The Barbarian Invasions
18certificate 18
Running time: 100 minutes
Starring: Remy Girard, Marie Josee Croze, Stephane Rousseau, Dorothee Berryman, Louise Portal
Rating 4 out of 10
Although he has been making films since the 1960s, French-Canadian director Denys Arcand first came to international attention with his 1985 hit The Decline of the American Empire, in which four academics put the world to rights over the course of a dinner party. Since then, Arcand has become something of a darling on the international scene with arthouse hits including Jesus of Montreal, Leolo and Love and Human Remains.

The Barbarian Invasions is something of a sequel to The Decline of the American Empire. Eighteen years later, one of the dinner party guests is dying. Remy is 54 and lying in a crowded public hospital, visited by his wife (Marie-Josee Croze), his academic colleagues and numerous mistresses.

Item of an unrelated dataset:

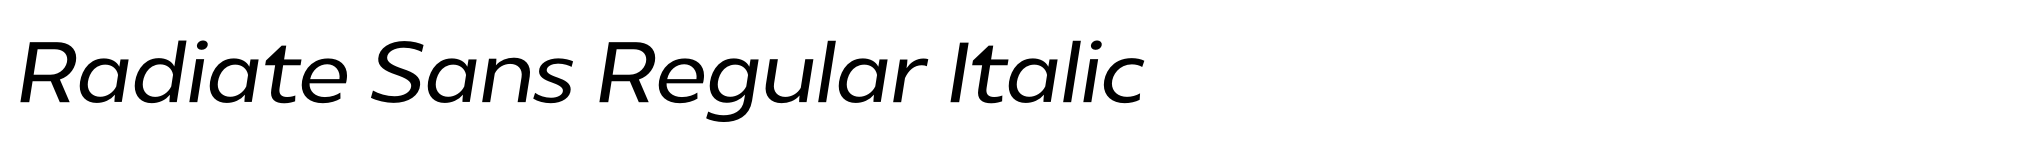 Radiate Sans Regular Italic image

Remy is ebullient (often even a bully), and lies in state pontificating on the world around him as death looms even closer.

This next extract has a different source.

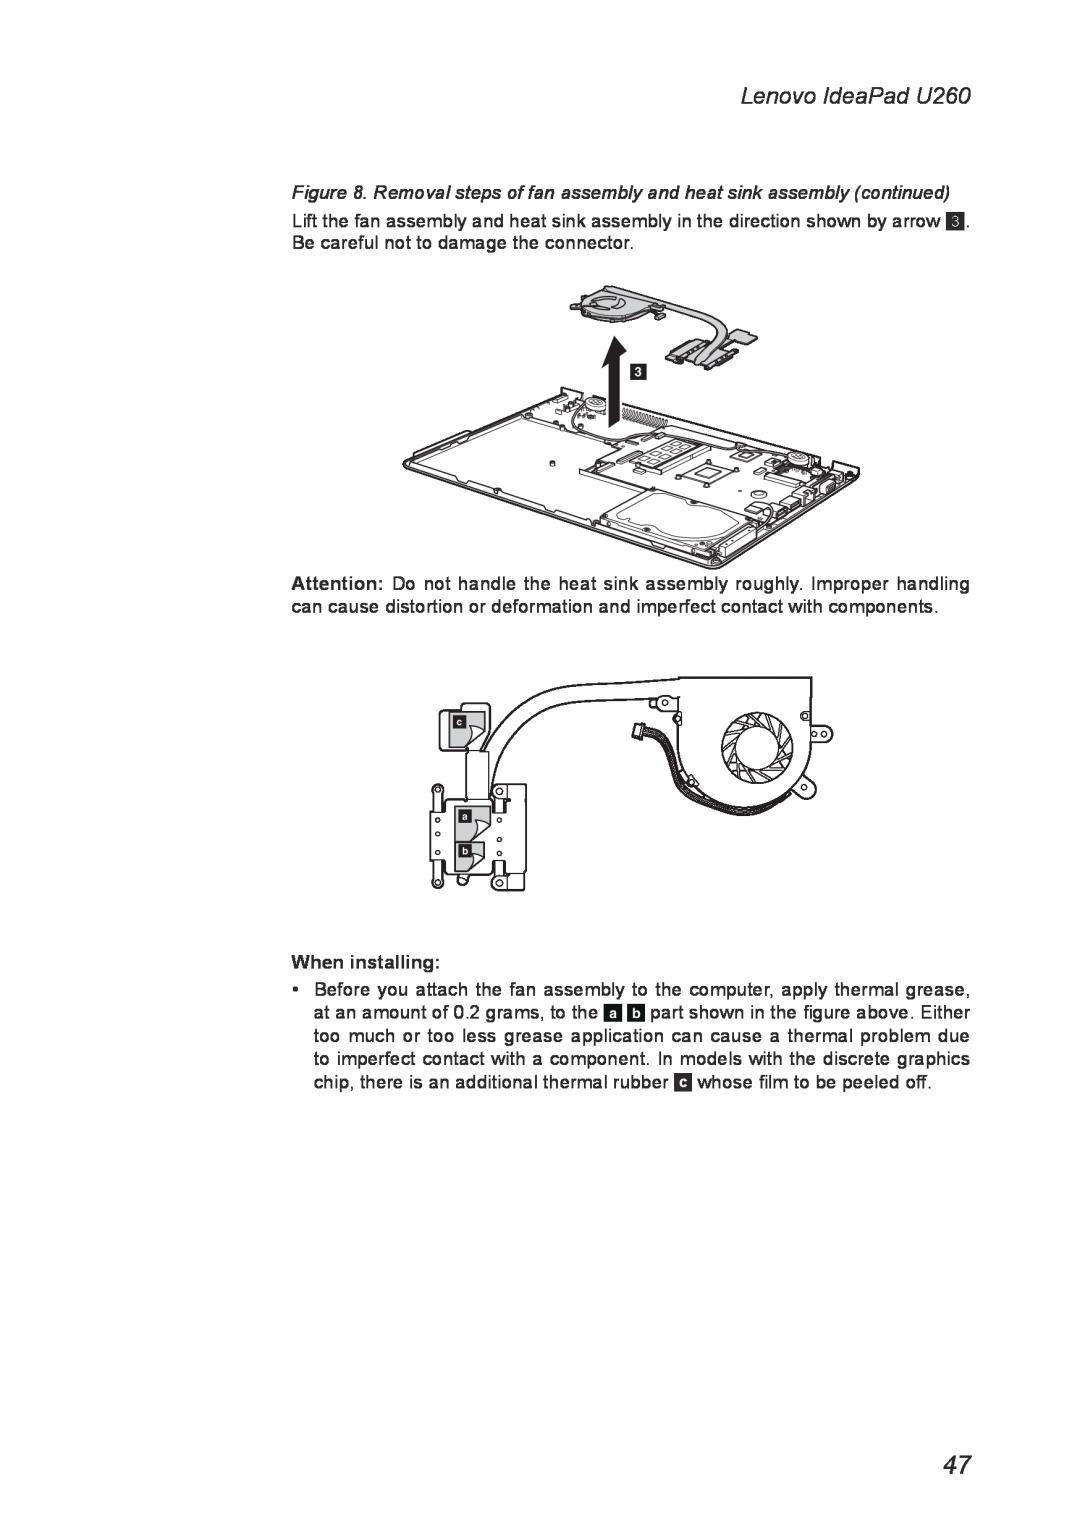 Lenovo manual Lenovo IdeaPad U260, When installing, c a b

But when Remy's son Stephane arrives (Stephane Rousseau), his situation alters. A wheeler dealer on the London stock exchange, Stephane immediately has a new private room constructed for his father, plies him with drugs that he obtains from the street, and generally invokes a party atmosphere for his father's dying days, with a flurry of guests arriving daily to cheer Remy up. Despite these efforts, however, Stephane is unable to find the one thing that he really wants - the chance to tell his often insensitive father that he loves him. As Remy's condition worsens and the inevitable becomes a reality, the gang kidnap him from the hospital in order to speed him to a comfortable and loving death in a woodland cottage they have obtained for the situation.

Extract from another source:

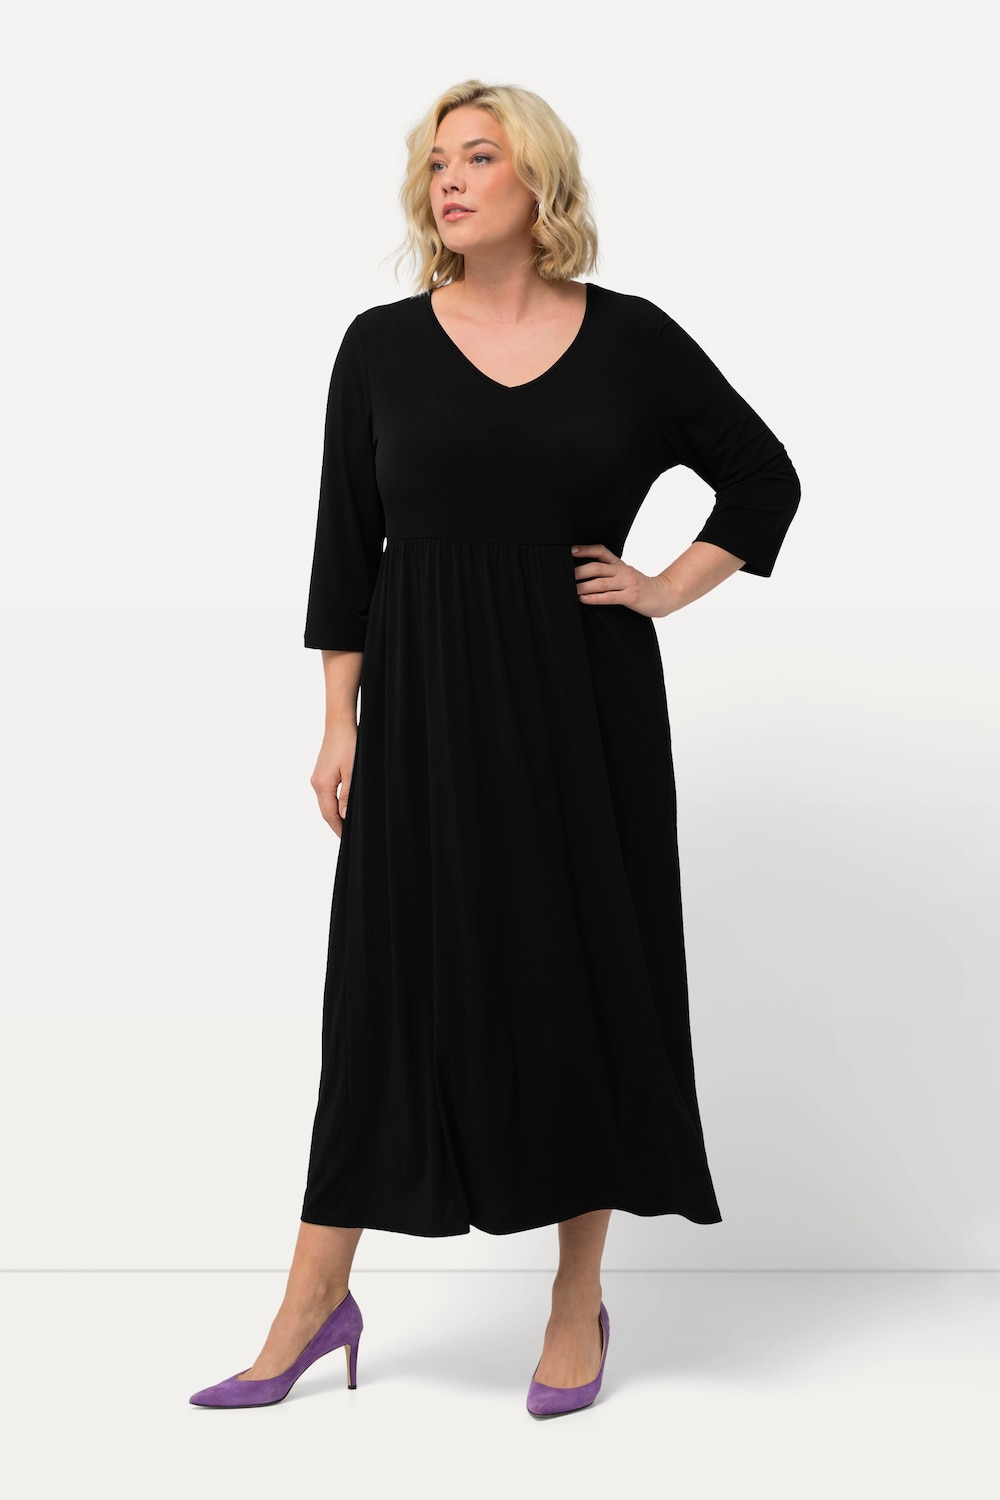 Grote Maten Jersey jurk, Dames, zwart, Maat: 66/68, Polyester, Ulla Popken

This is a hugely talkative affair in which characterisation and dialogue are given much more importance than action or plot. With the cast largely playing a group of academics, the dialogue revolves around metaphysics, the meaning of life, love and everything else as well. The odd crack at the US finds its way in also, notably with a refreshing challenge on the country with an erudite argument about the effect of 9/11.

The actors give their all (Croze won Best Actress at the Cannes Film Festival),and the naturalistic style is somewhat comparable to the work of Mike Leigh (many of the characters have the same first name as the actors playing them). However, like some of Leigh's weaker moments, characterisation often leads to caricature, and this is what will turn many people off the film. Quite simply, the characters appear wooden, unbelievable and often dislikeable. In a character driven film this is a big problem. Your reaction to The Barbarian Invasions will depend on how you take the first ten minutes: joy at finding an old group of friends, or irritation which is only likely to become increasingly trying.